*** Data provided ***
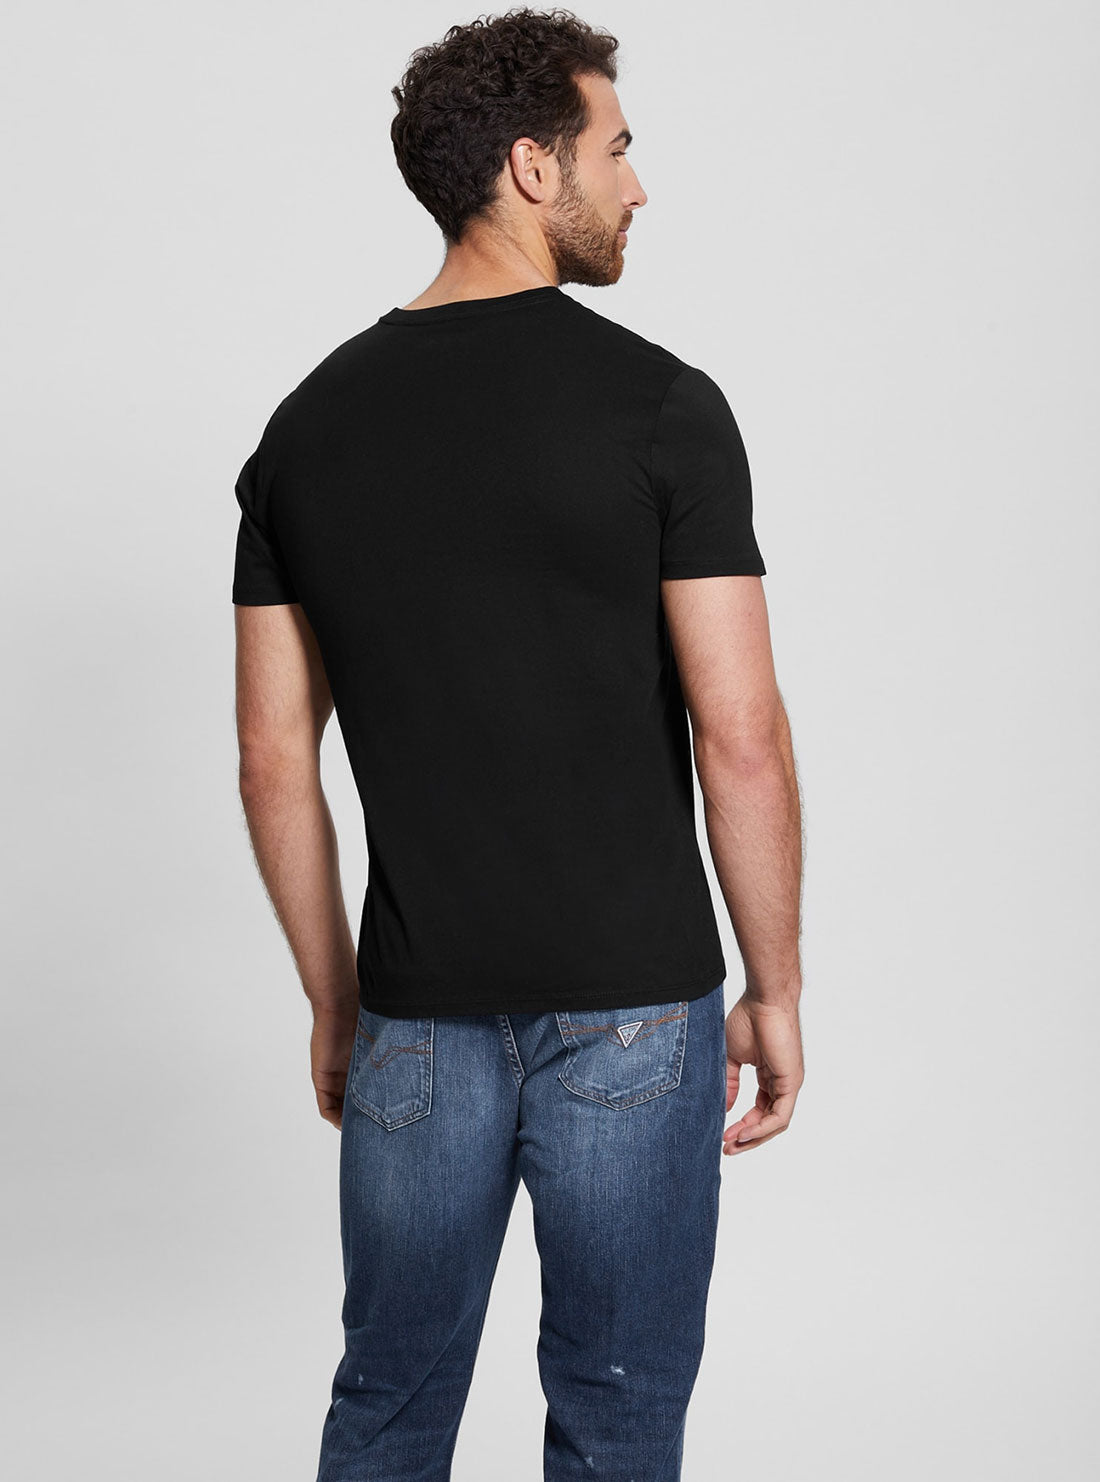 Eco Black Embossed Logo T-Shirt | GUESS Men's | Back view
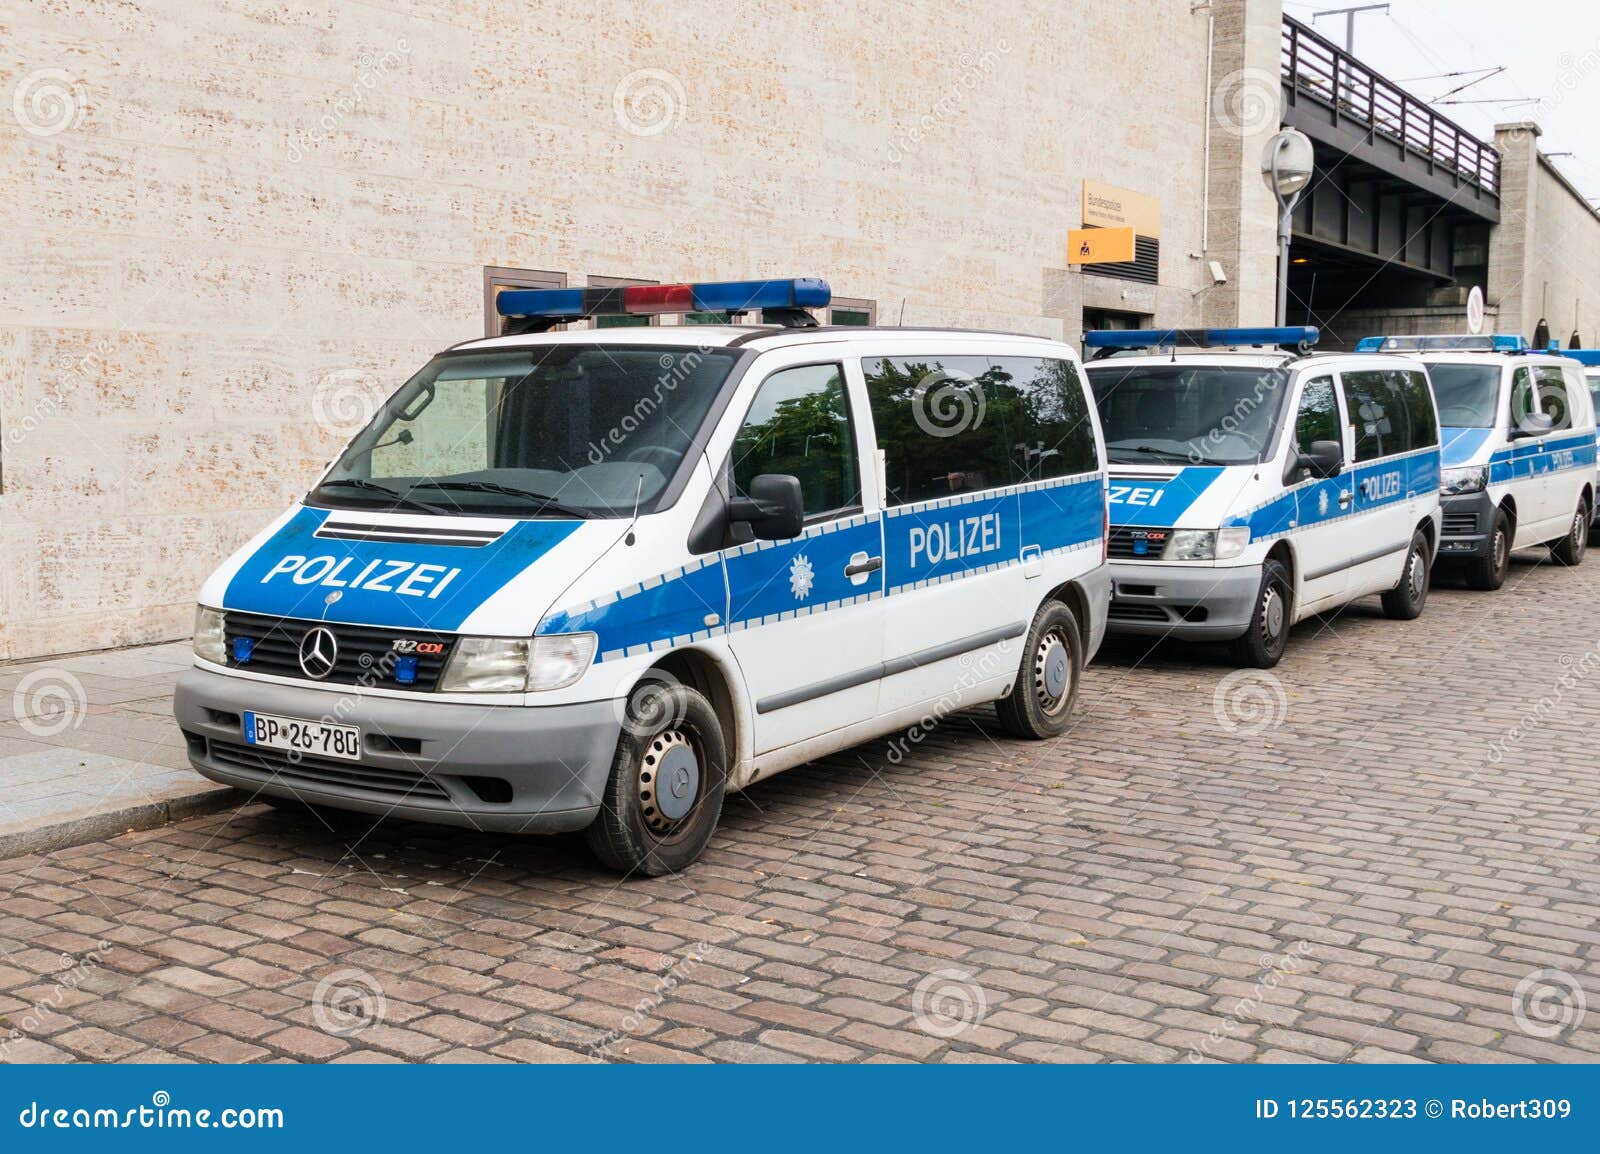 German Polizei Car. Polizei is the German Word for Police
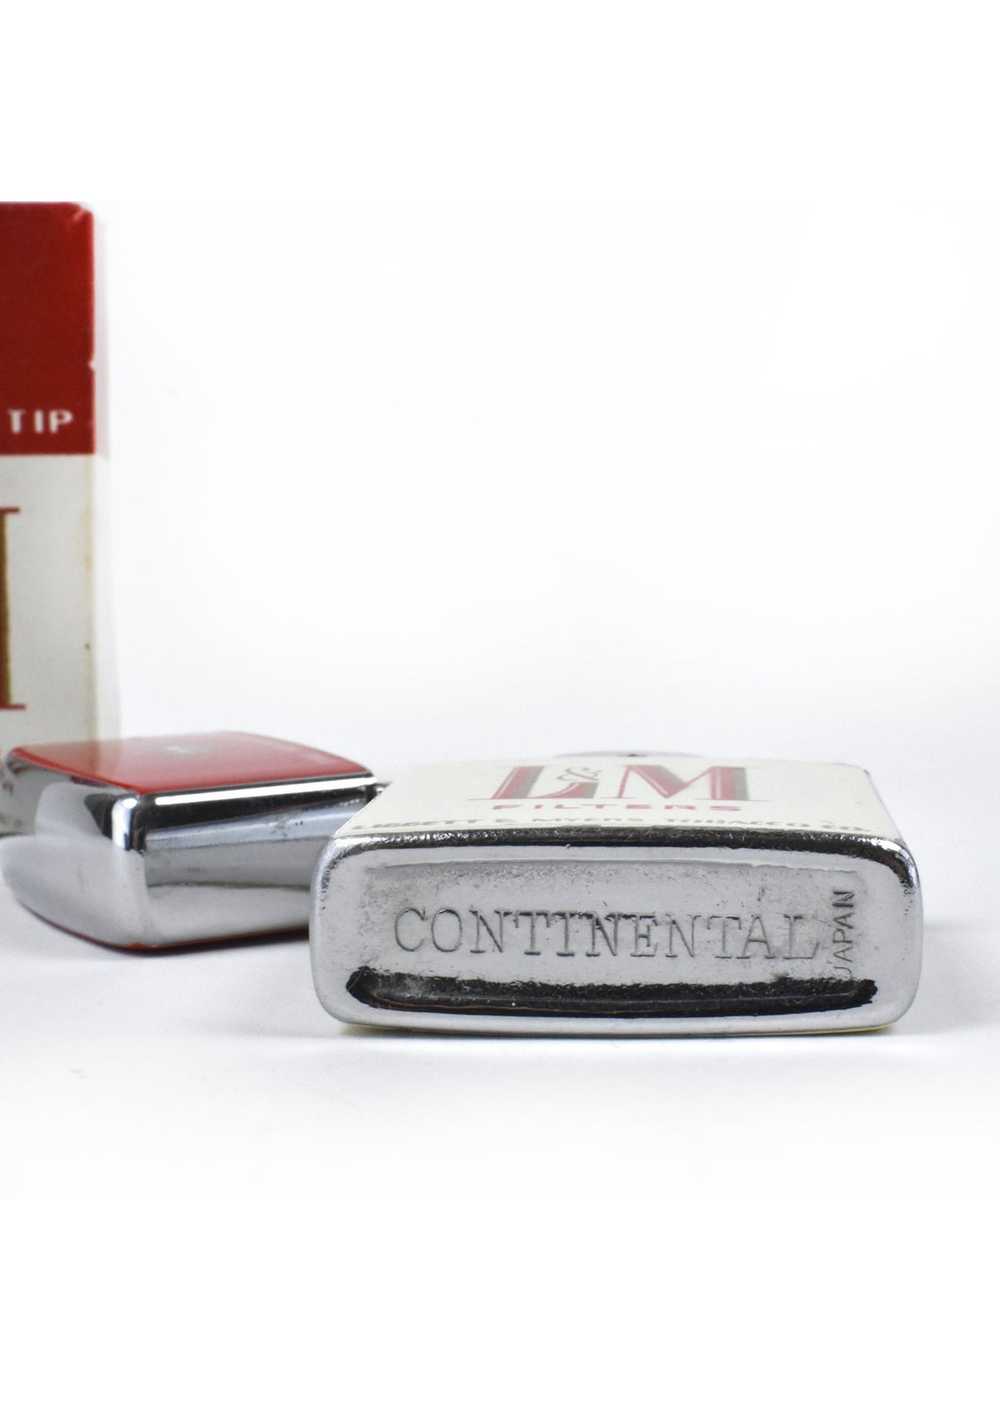 L & M Cigarette Lighter by Continental in Origina… - image 5
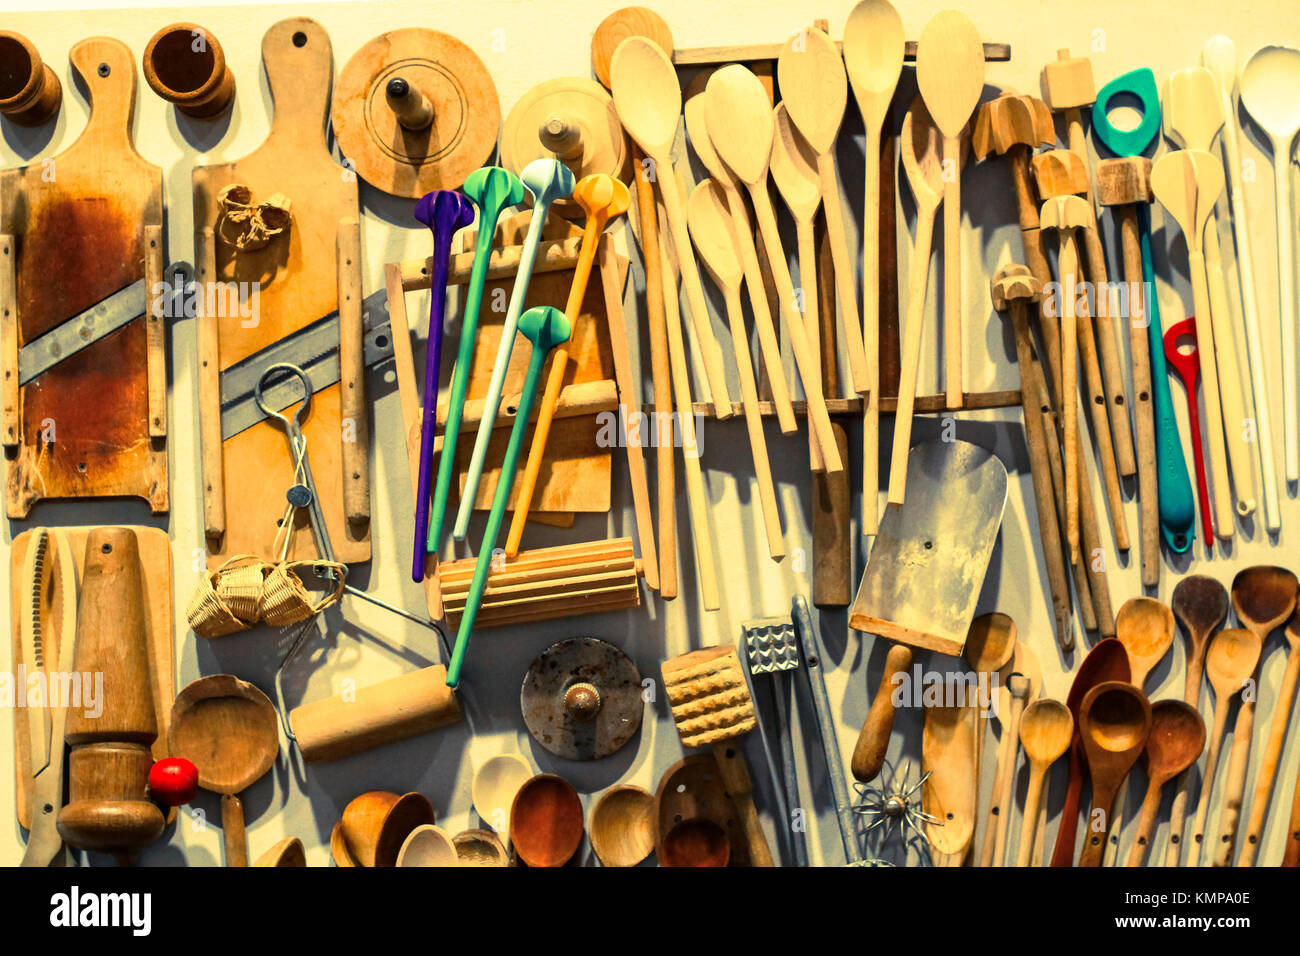 Several hanging kitchen utensils. Stock Photo
*** End of Data provided ***
Copy every line above exactly, leaving no picture in the copy.

# Solution to the problem
 Eco Black Embossed Logo T-Shirt | GUESS Men's | Back view
 German Polizei Car. Polizei is the German Word for Police
 L & M Cigarette Lighter by Continental in Origina… - image 5
 Several hanging kitchen utensils. Stock Photo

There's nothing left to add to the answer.